▸ Activity
Repeat the data below exactly, dropping any pictures it holds.

▸ Supplied data
##############################

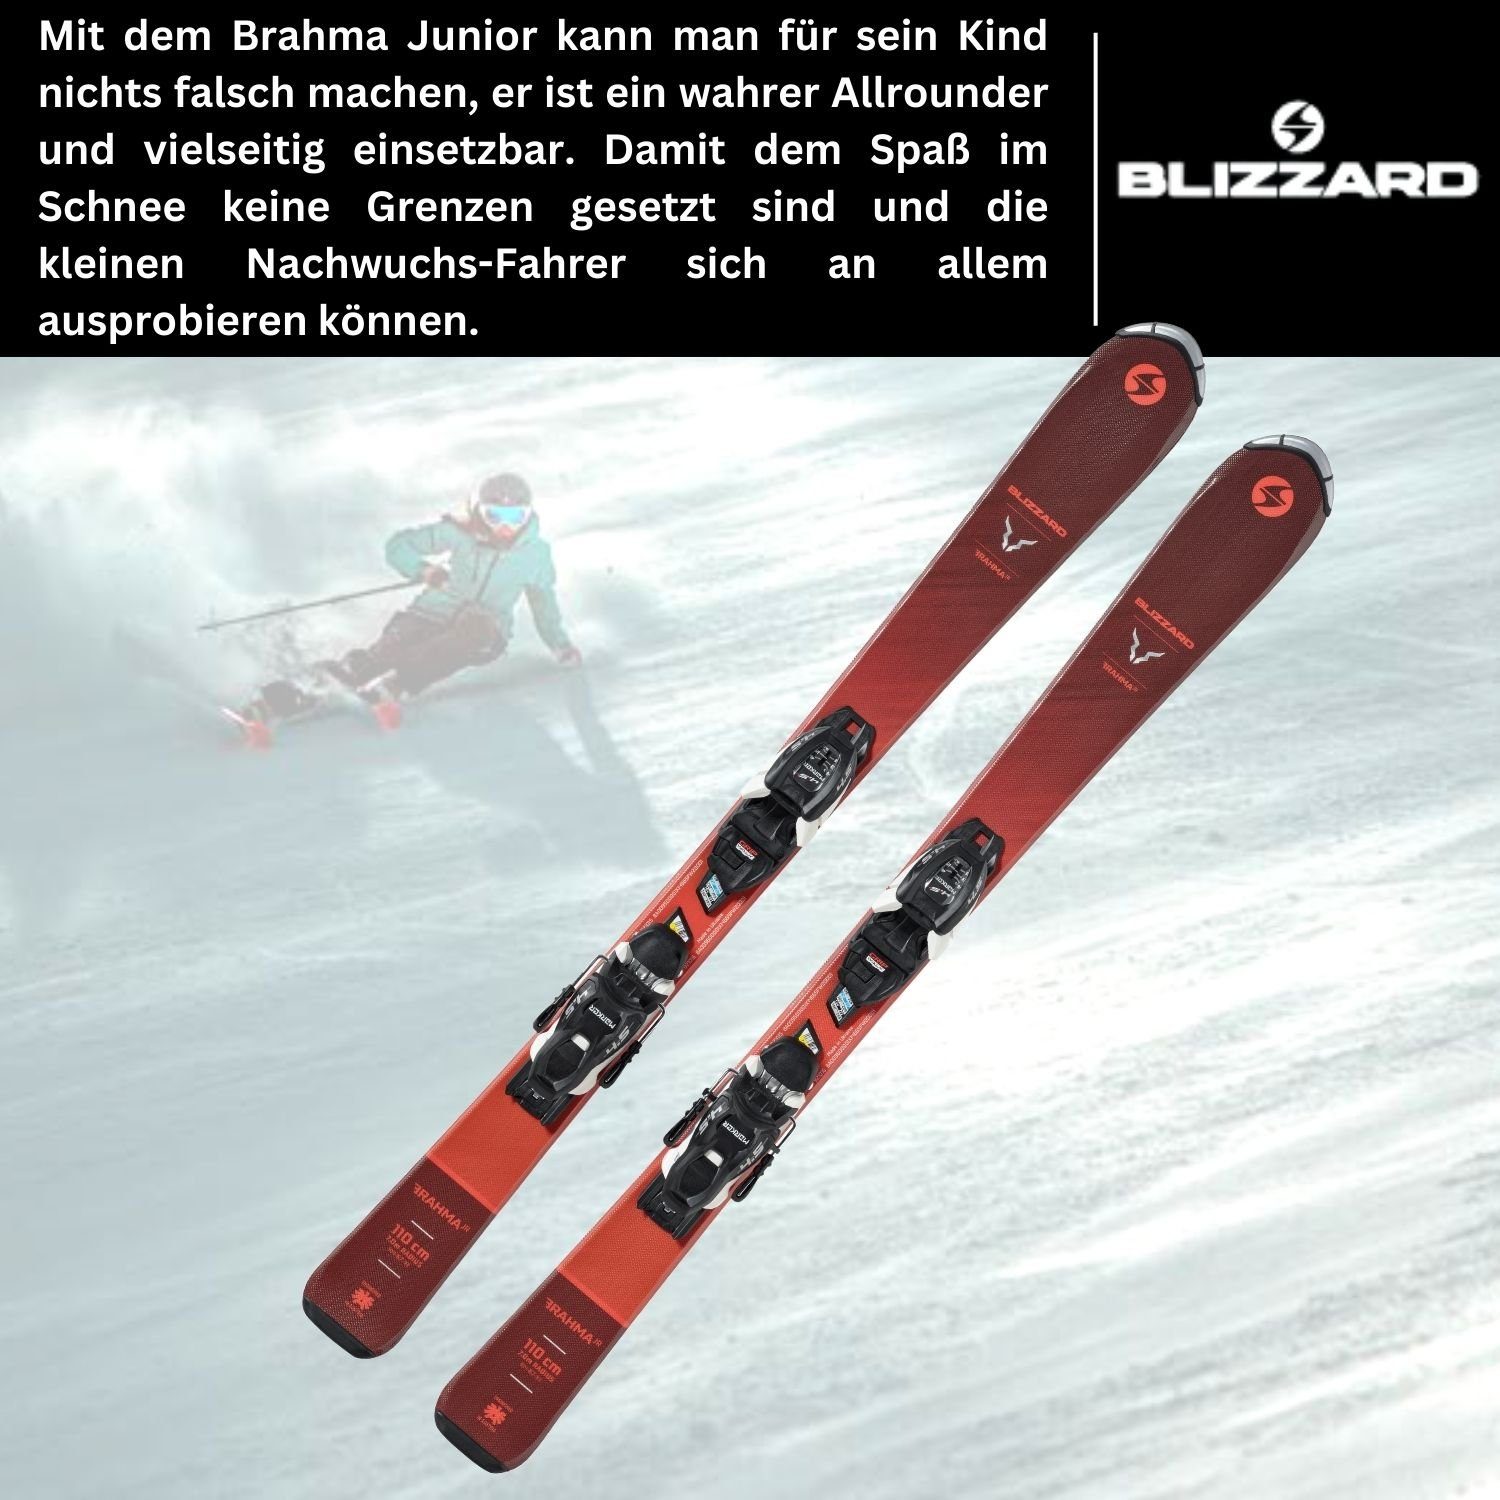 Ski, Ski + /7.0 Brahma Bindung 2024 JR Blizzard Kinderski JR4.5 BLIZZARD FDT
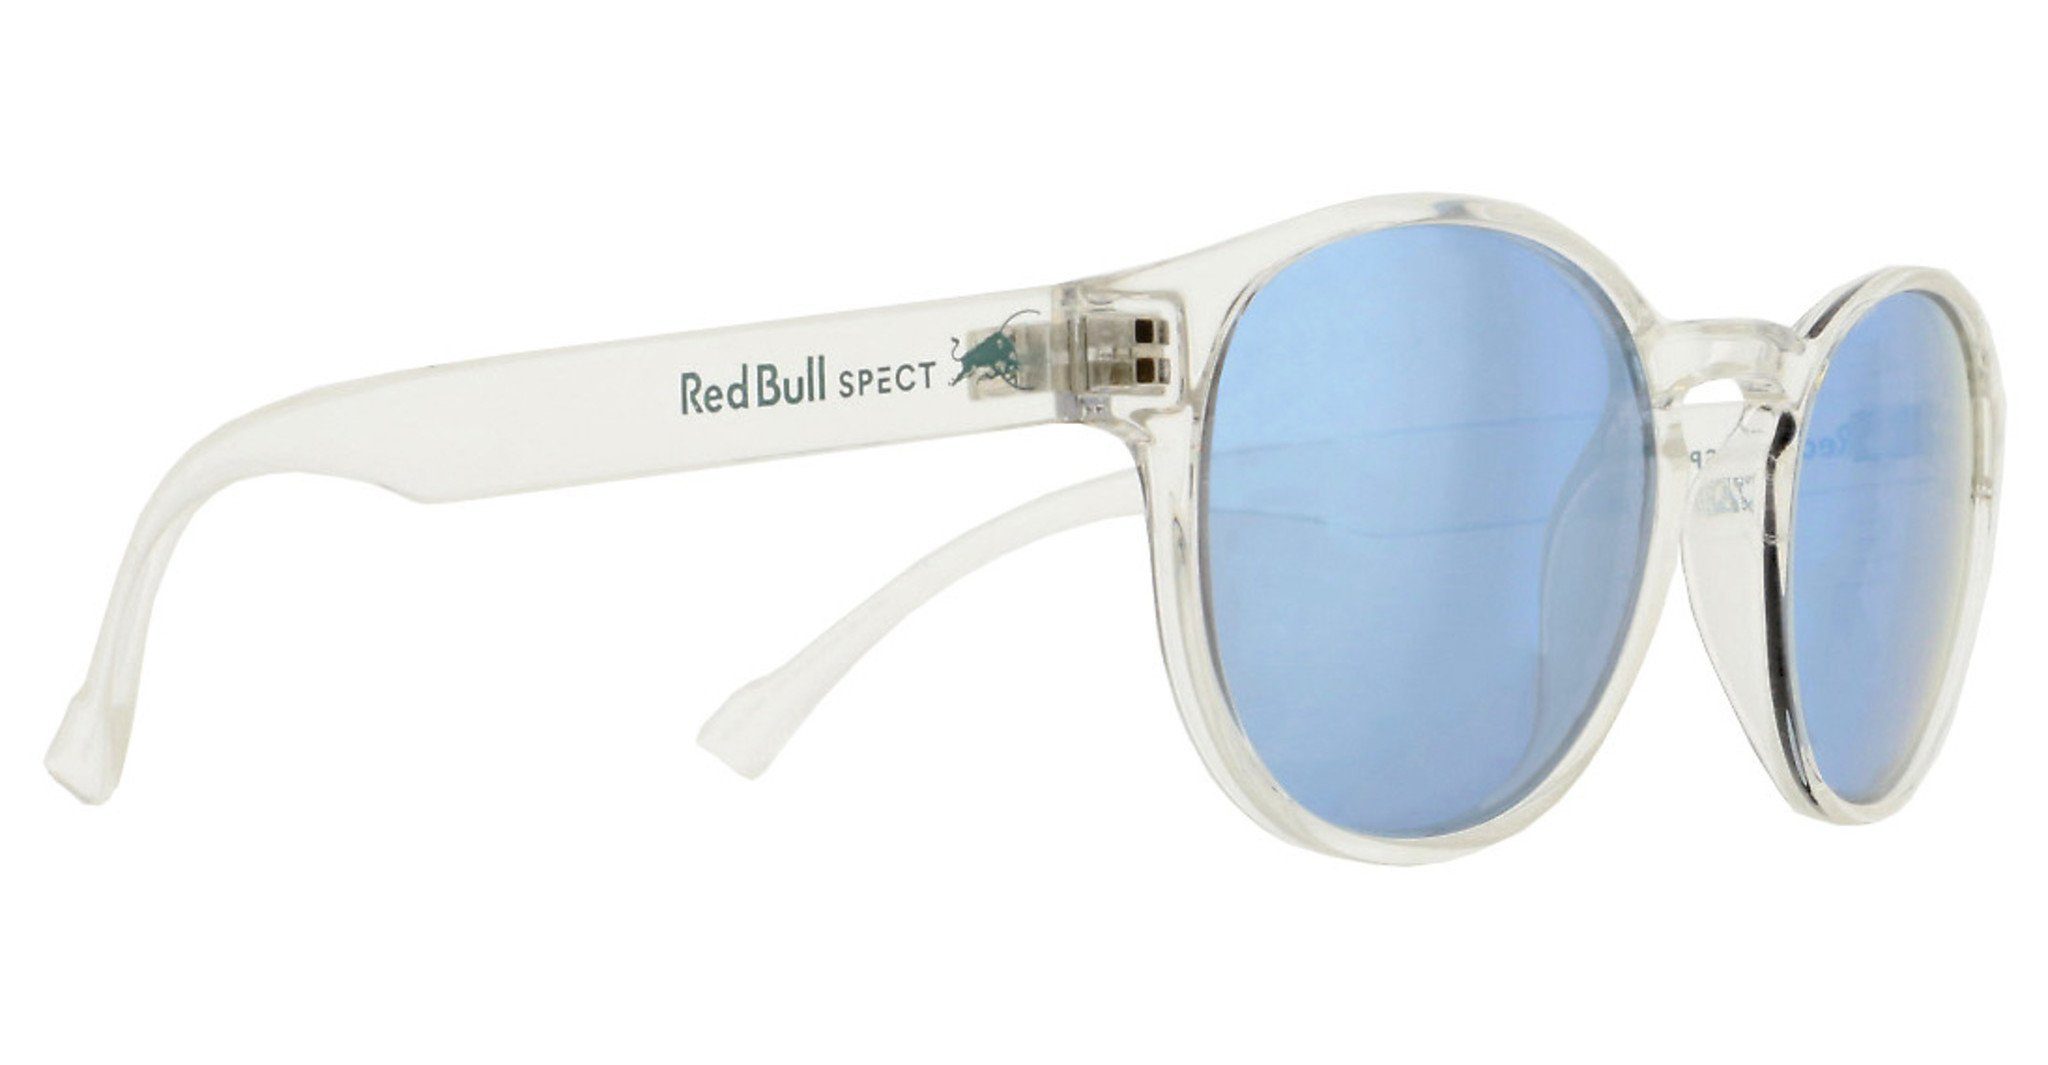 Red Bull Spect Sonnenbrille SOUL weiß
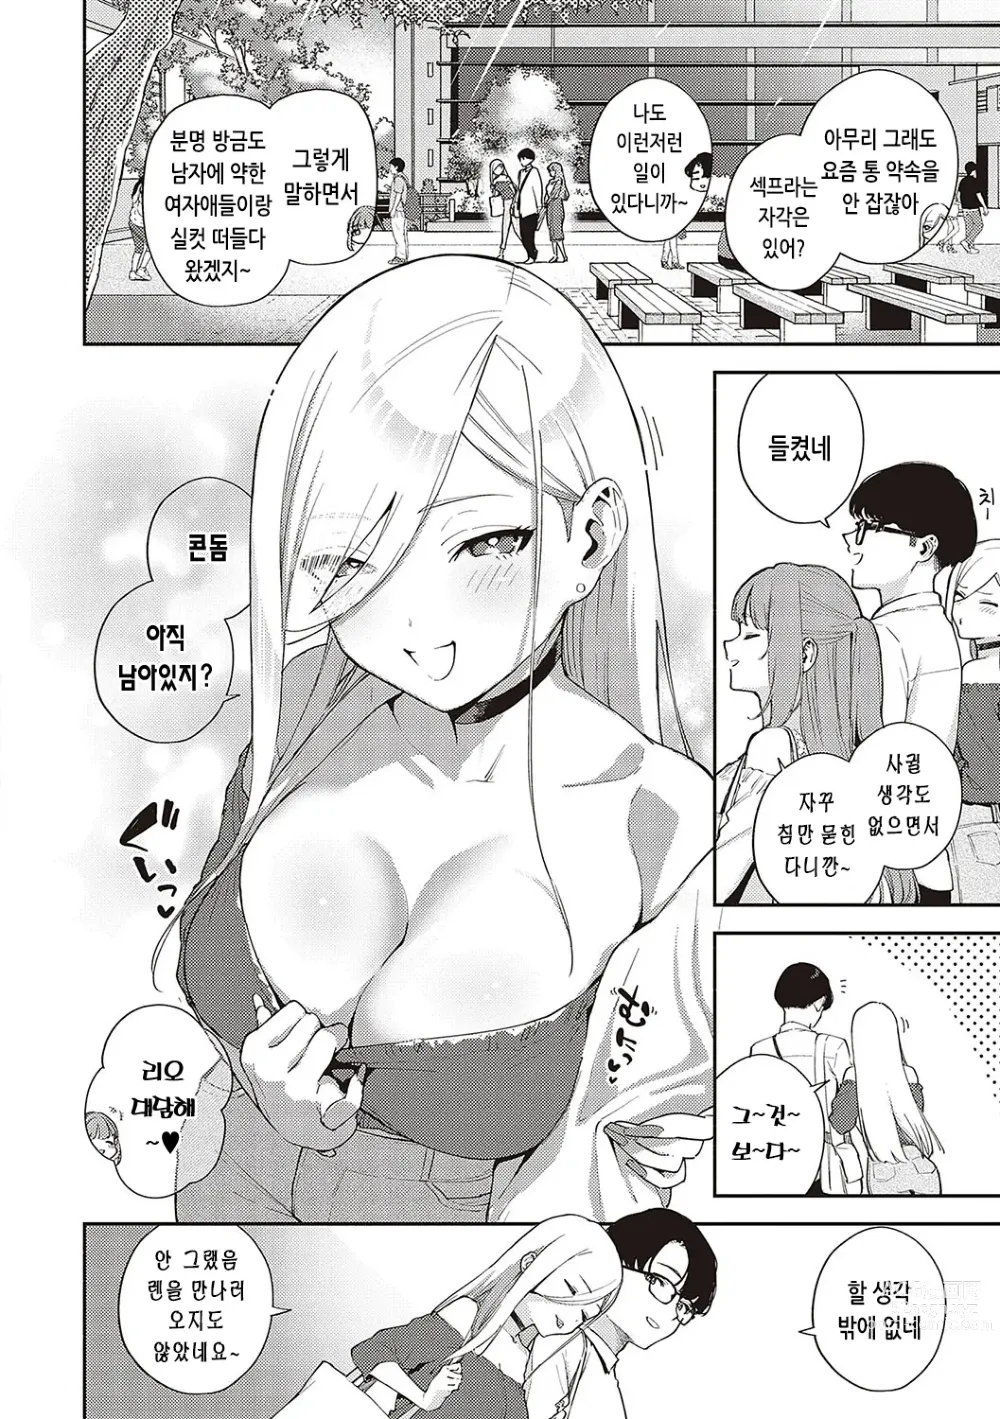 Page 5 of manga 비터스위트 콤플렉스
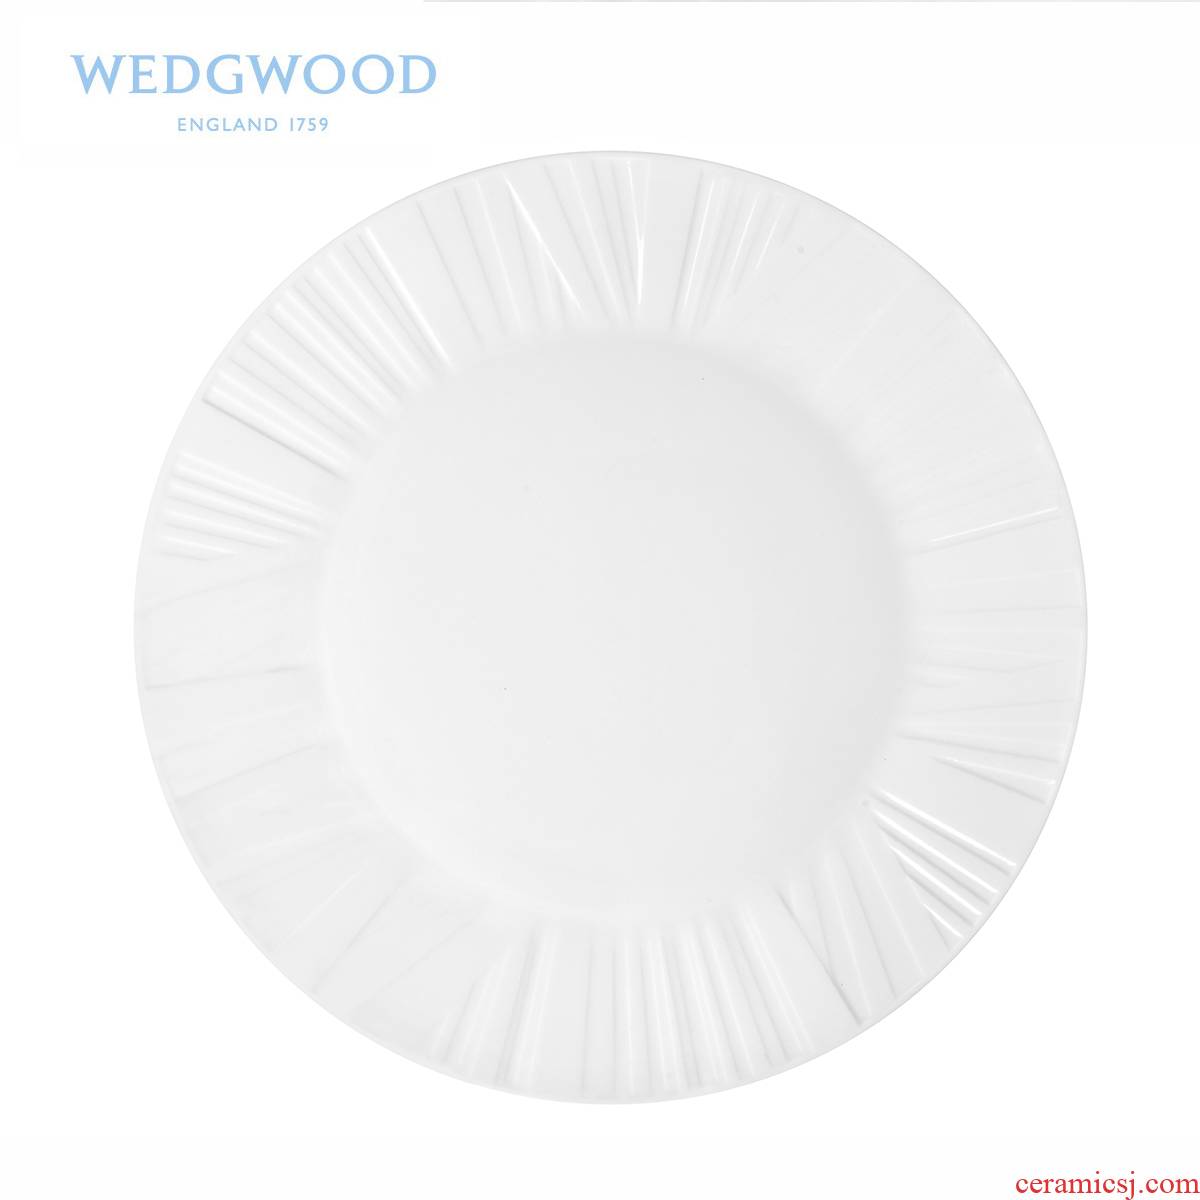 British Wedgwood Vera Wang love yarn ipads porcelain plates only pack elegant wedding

##############################

▸ Written answer
 Ski, Ski + /7.0 Brahma Bindung 2024 JR Blizzard Kinderski JR4.5 BLIZZARD FDT
 Red Bull Spect Sonnenbrille SOUL weiß
 Page 5 of manga 비터스위트 콤플렉스
 British Wedgwood Vera Wang love yarn ipads porcelain plates only pack elegant wedding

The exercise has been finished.